Information provided:
═══

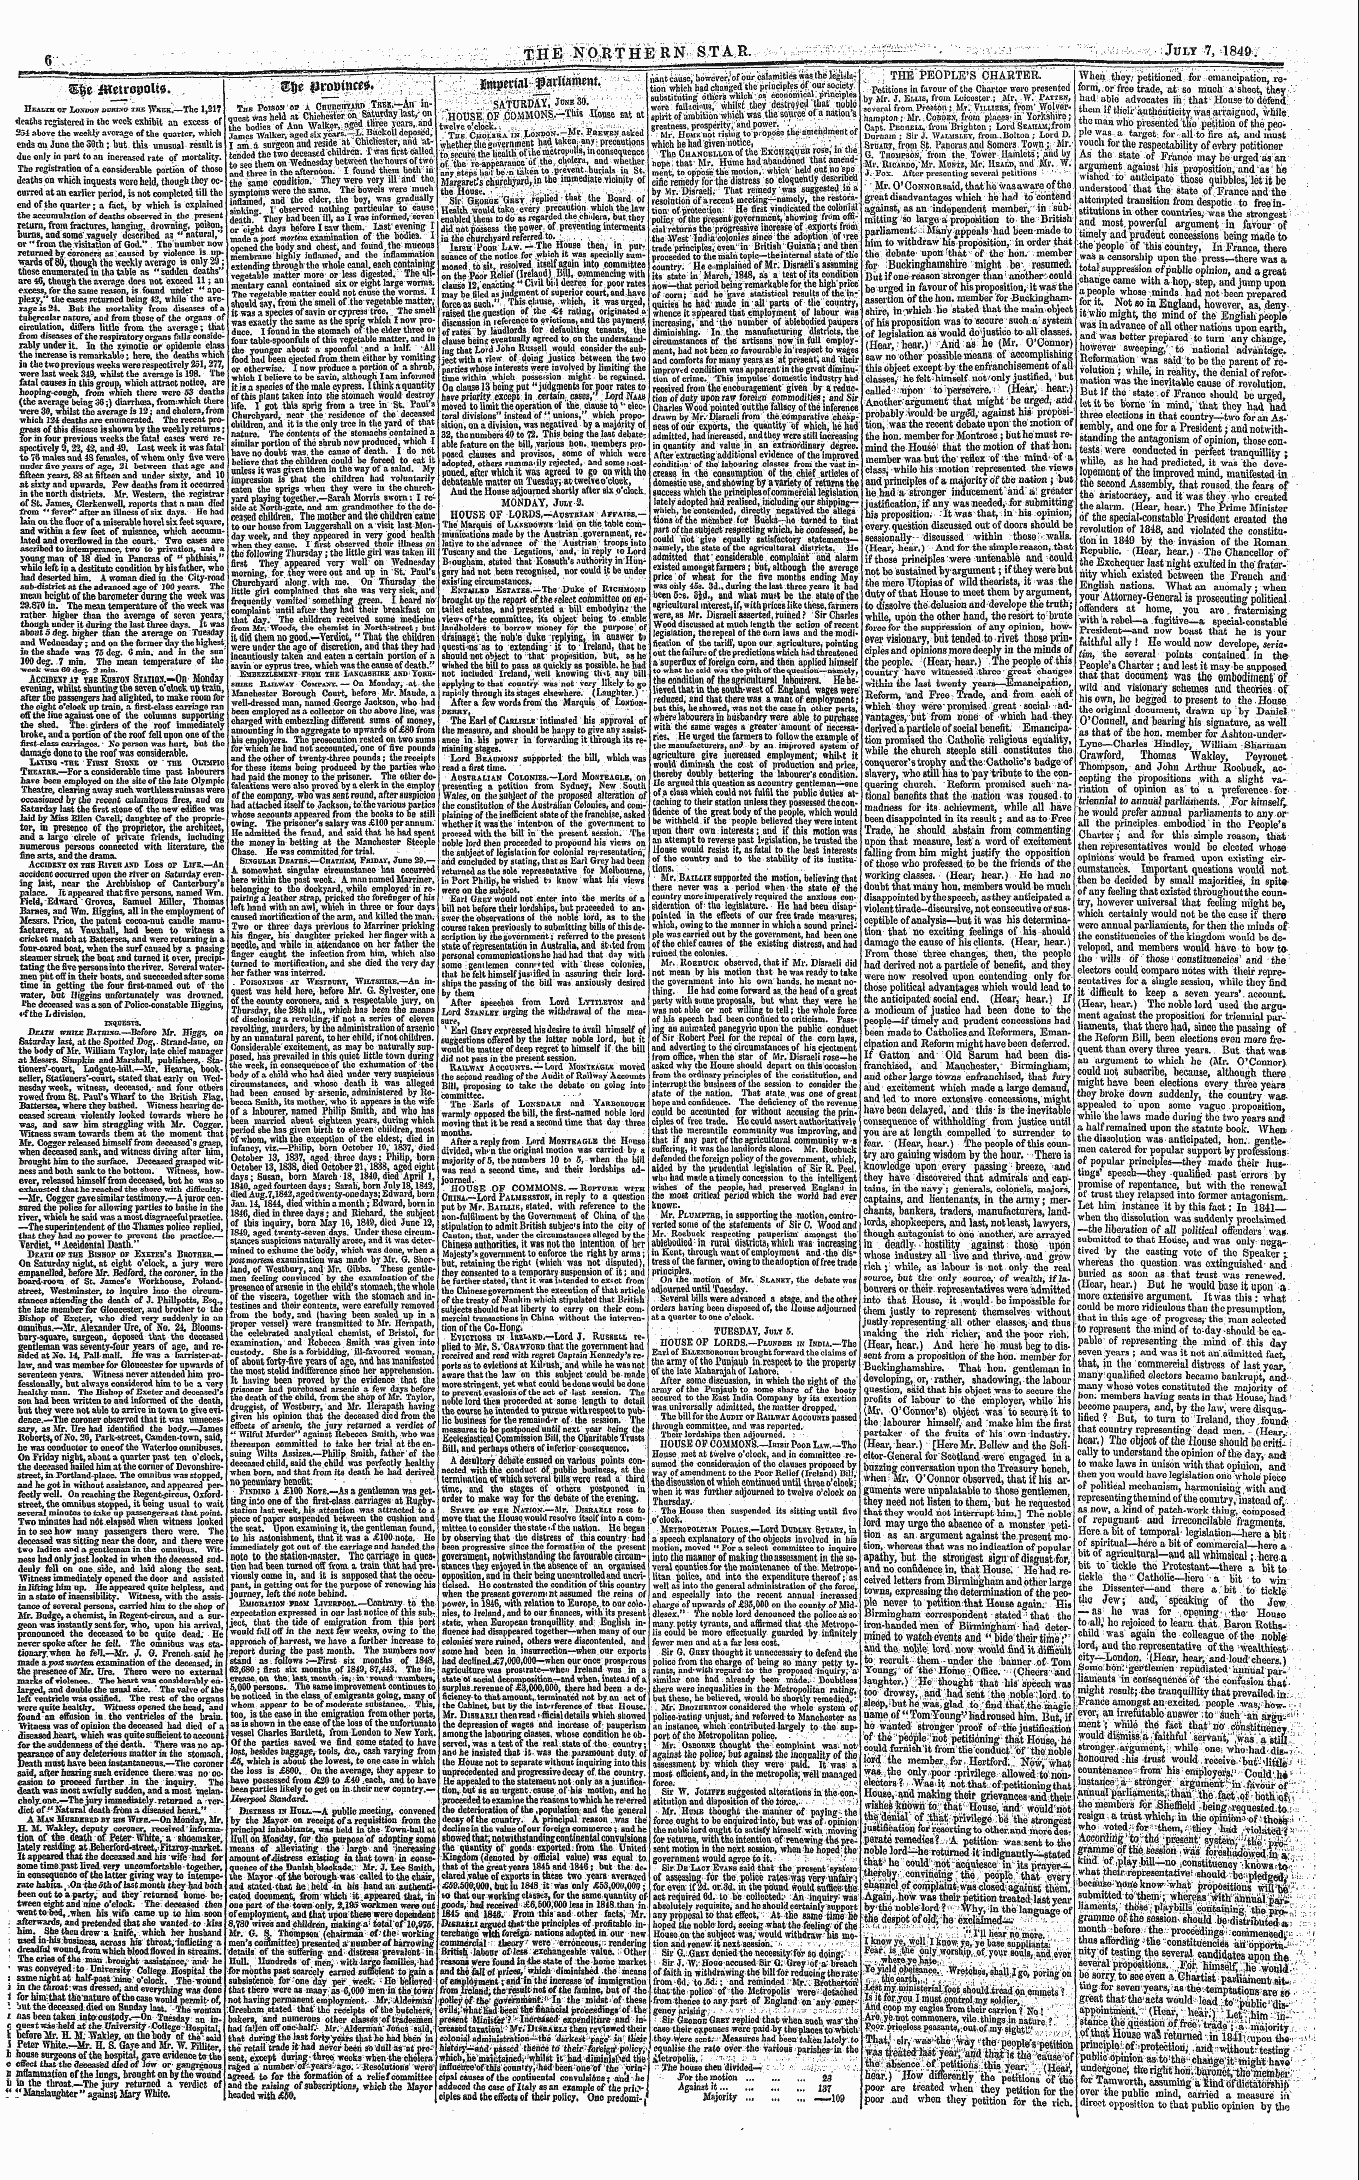 Northern Star (1837-1852): jS F Y, 3rd edition - Stje Ui-Odthcf0
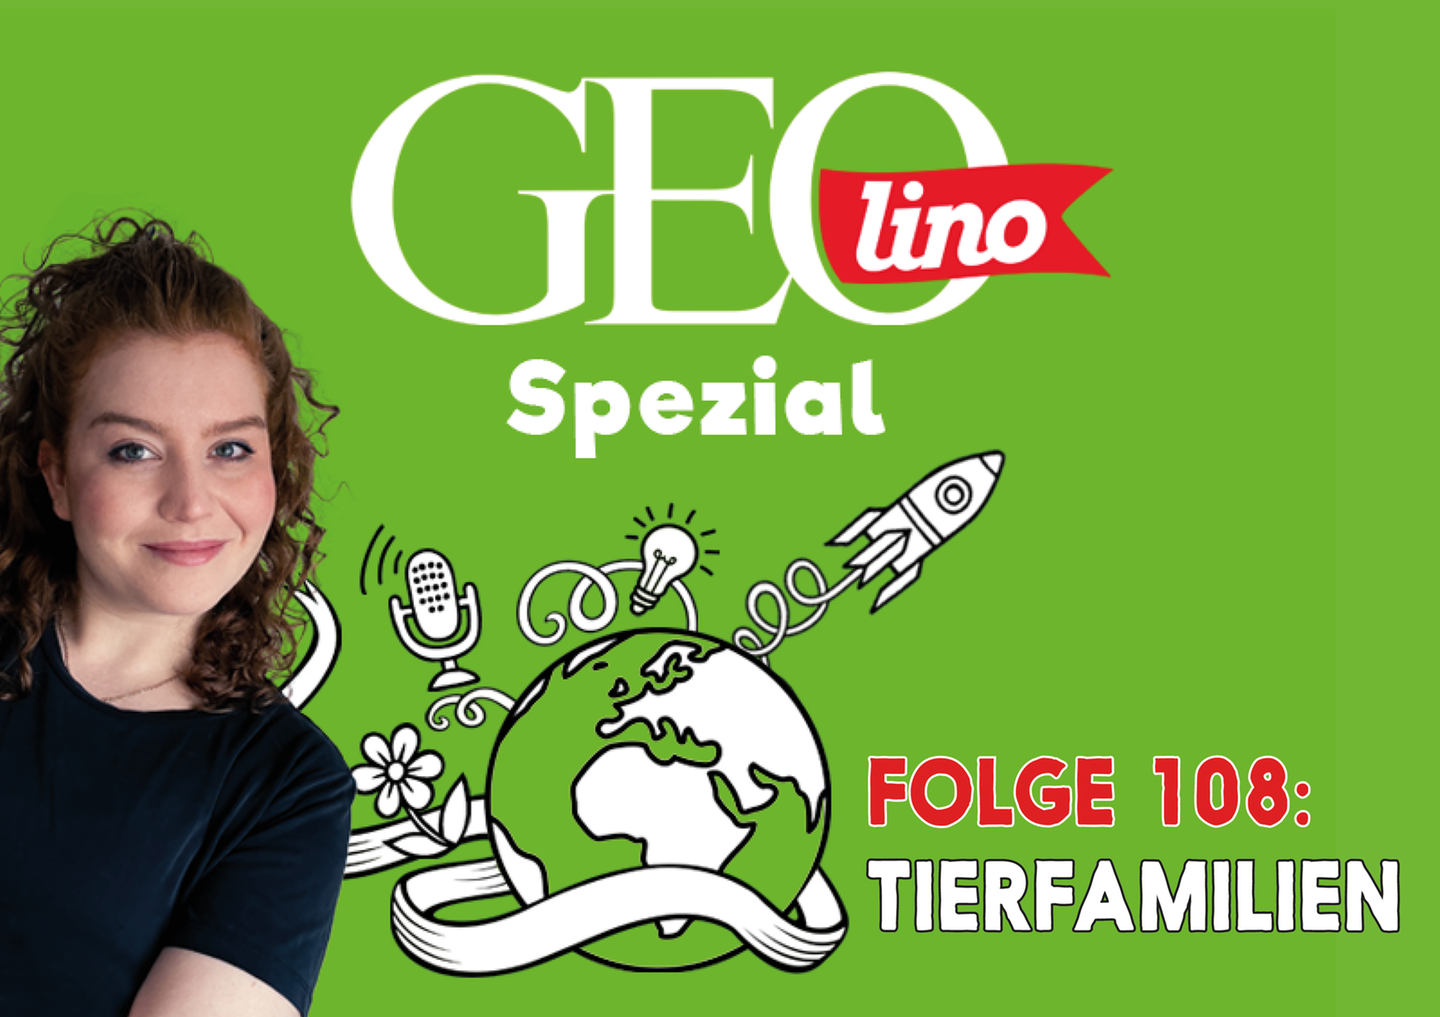 In Folge 108 unseres GEOlino-Podcasts geht es um Tierfamilien
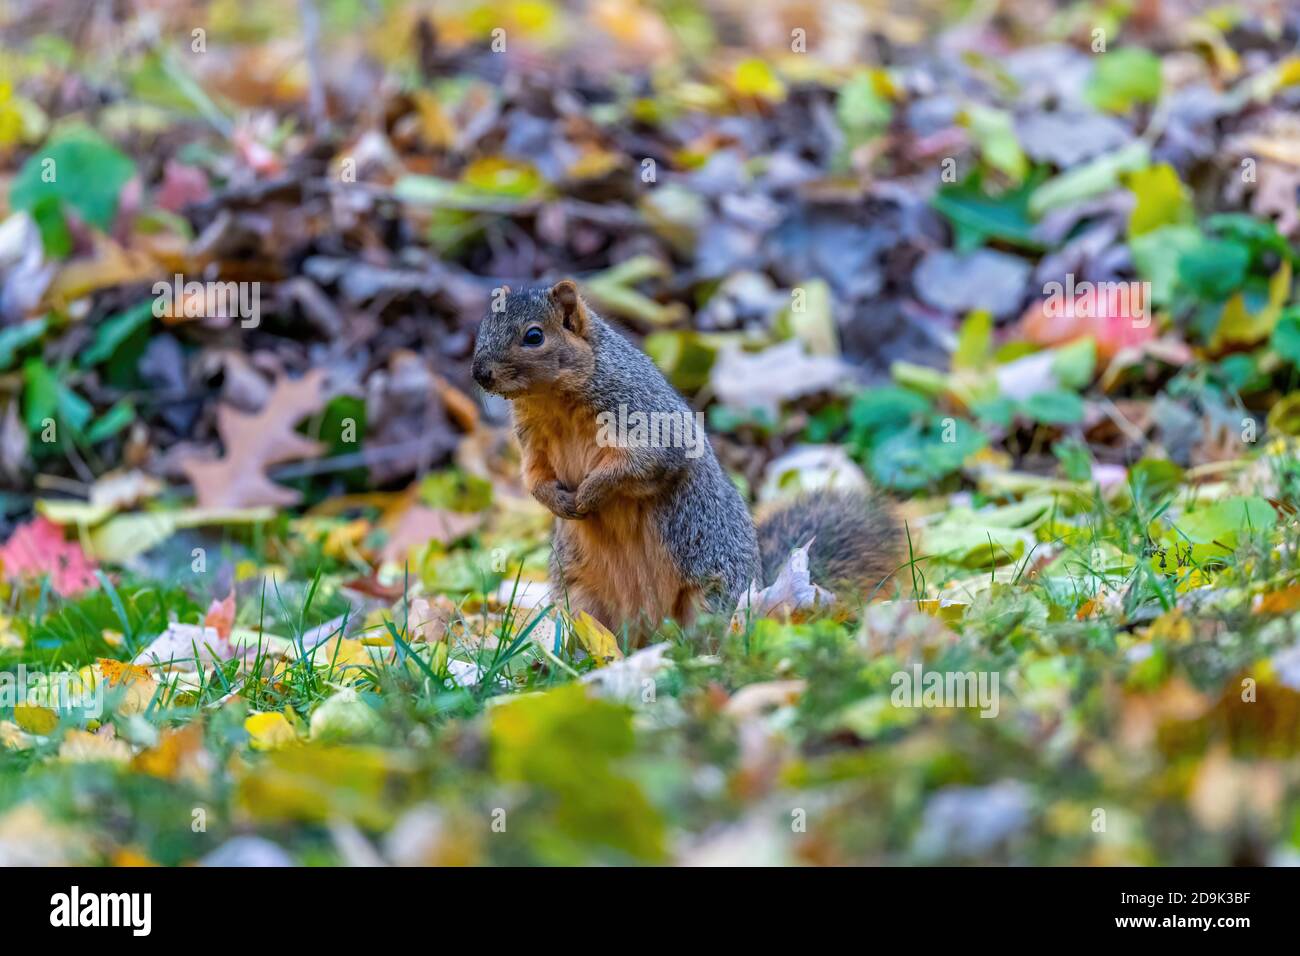 A Fox Squirrel(Sciurus niger) standing on it's rear legs amid fallen leaves in Autumn. Stock Photo

═══

Assignment: Repeat the material above word for word; no images go in the copy.

Solved exercise:
 Northern Star (1837-1852): jS F Y, 3rd edition - Stje Ui-Odthcf0
 In Folge 108 unseres GEOlino-Podcasts geht es um Tierfamilien
 A Fox Squirrel(Sciurus niger) standing on it's rear legs amid fallen leaves in Autumn. Stock Photo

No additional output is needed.